Ji Qingying, deputy director of the Shanghai Children's Medical Center, talks with parents of her patients. Gao Erqiang / China Daily |
"After years of work as a clinical doctor in pediatrics, I realized that what patients and their families frequently need are more than treatment of the disease," said Ji, the 47-year-old deputy director of the Shanghai Children's Medical Center.
"Most traditional treatments in hospital failed to rehabilitate, or ignored, those whose social functioning has been impaired," she said.
Now she is more willing to act as a medical social worker to patients.
After pursuing a master's degree in social work in Hong Kong in 2004, Ji established a social work department at the center.
"The learning process not only lighted me up, but also helped me understand how to give patients and their families the most care and help," she said.
Her workplace has been changed from one with cold operating tables to warm chatting rooms. But in her eyes, the work doesn't stray from her original goal of helping more people.
Medical social workers assist patients and their families to increase their capacities for problem solving and coping. They also help people obtain needed resources and mental supports.
The profession is little known in China although it plays an important role in medical practice. Only about 10 hospitals in Shanghai have an established medical social work department.
According to the Shanghai Municipal Health Bureau, the city is planning to carry out a pilot program to promote the development of medical social workers in the city's hospitals.
Patients at Ji's hospital are mainly children, as those with serious diseases often feel isolated and lonely because parents have to stay away and even stop phoning.
Ji and her two team members help reduce feelings of isolation through numerous support activities.
Once a girl patient wouldn't respond to the treatment and kept silent because she thought her parents had abandoned her.
Ji said the girl's parents did come to the hospital every day but were not allowed to see her because she needed to be isolated.
"So we told her that her parents love her very much, and asked her parents to write messages to their daughter," she said. "We also moved her bed near the window, where she could see the sun and blue sky, and not feel lonely."
At first, Ji and her colleagues' work was not accepted by patients and their families due to a lack of understanding. Now more people have begun to rely on them.
"About 85 percent of our patients are from outside Shanghai, and many of them are from rural areas," Ji said.
"It's their first time in a big city like Shanghai. They know nothing and need more help when facing a problem."
Ji and her team try to provide a platform where parents can talk, ease their nerves and pour out their anxieties.
In the hospital ward there is an elaborately decorated room, which is more like a room for recreation and playing. Here, Ji and her team organize regular group talks.
She said unlike group psychotherapy that treats emotional problems, the goal of group work is to help patients exchange information and help them deal with their problems.

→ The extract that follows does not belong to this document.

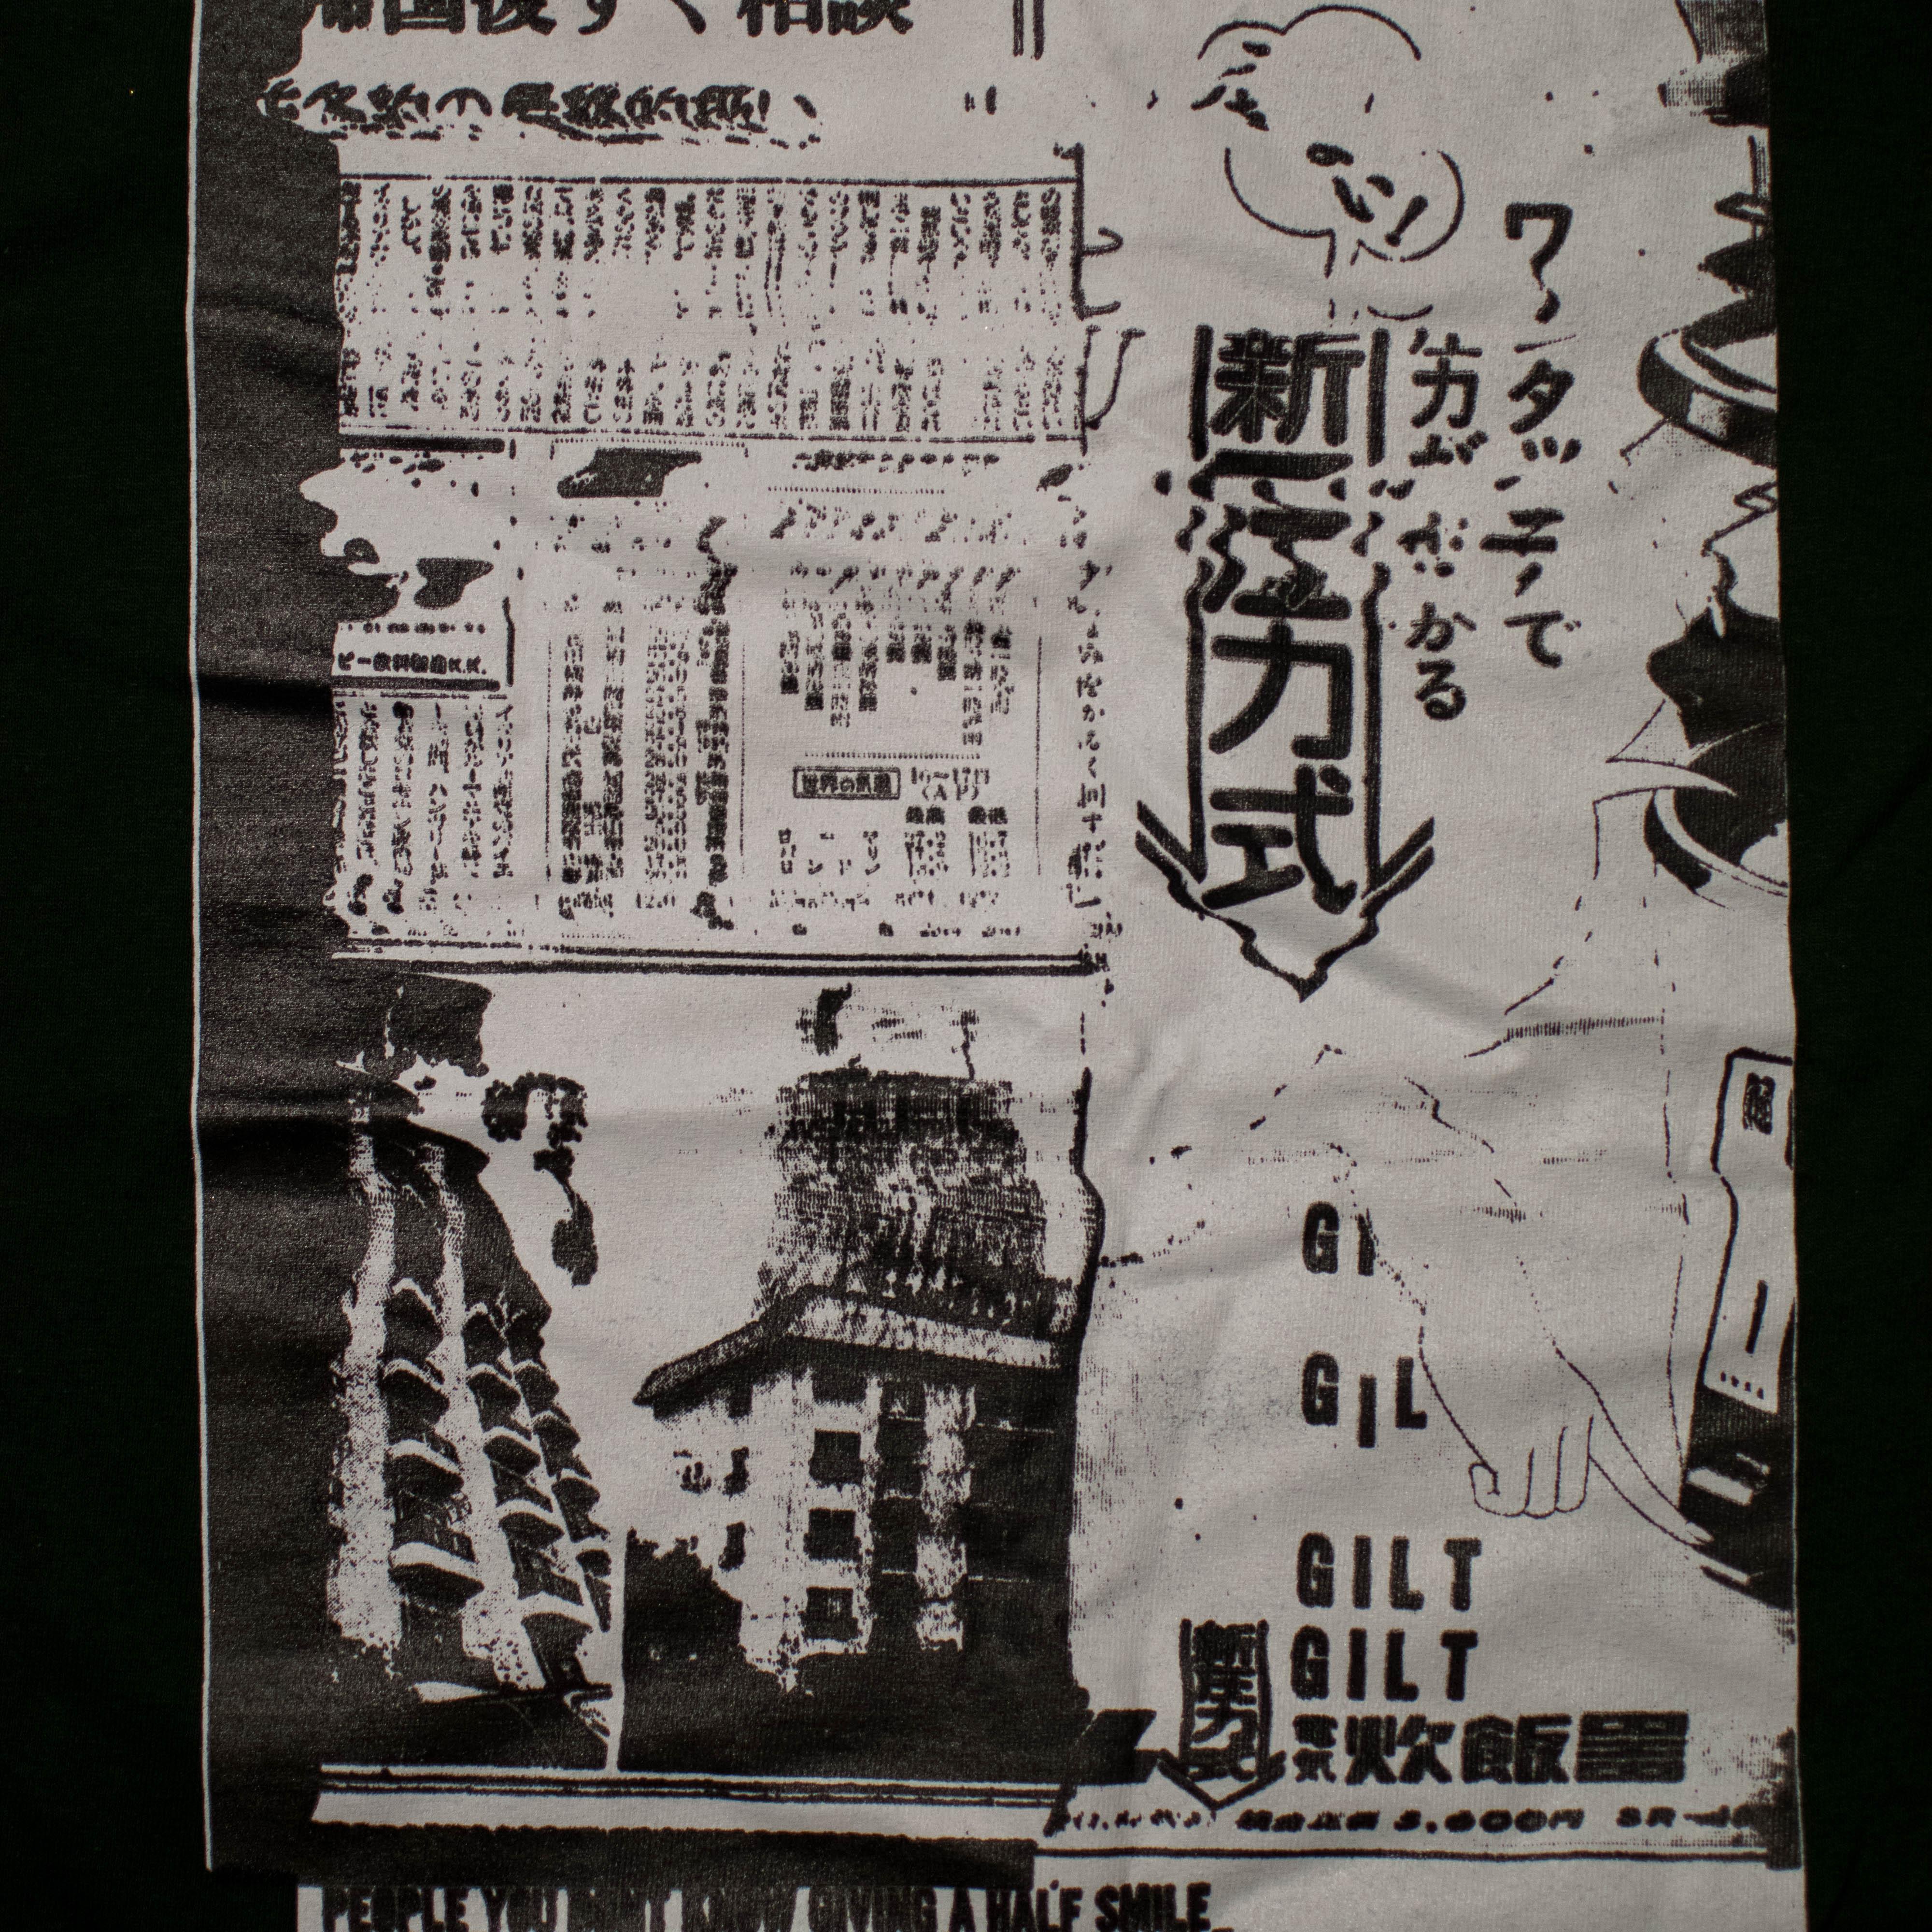 GILT | Japanese Newsprint Tee

"Though this cannot cure these patients' diseases, it really can help lessen their pressure," she added.
Ji's team also helps those from poverty-stricken families obtain adequate financial aids.
"I felt helpless when I first learned about my son's disease," said Jiang Peixi, whose son is suffering from aplastic anemia.
The father, from Anhui province, works as a security guard in Shanghai earning about 2,000 yuan ($317) a month. He and his wife had to clean out all their savings for treatment. So Ji's team has helped the family apply to a charity fund provided by the hospital.
"I feel very grateful and thankful to these medical social workers. Their support, financially and mentally, has relieved our pressure," Jiang said.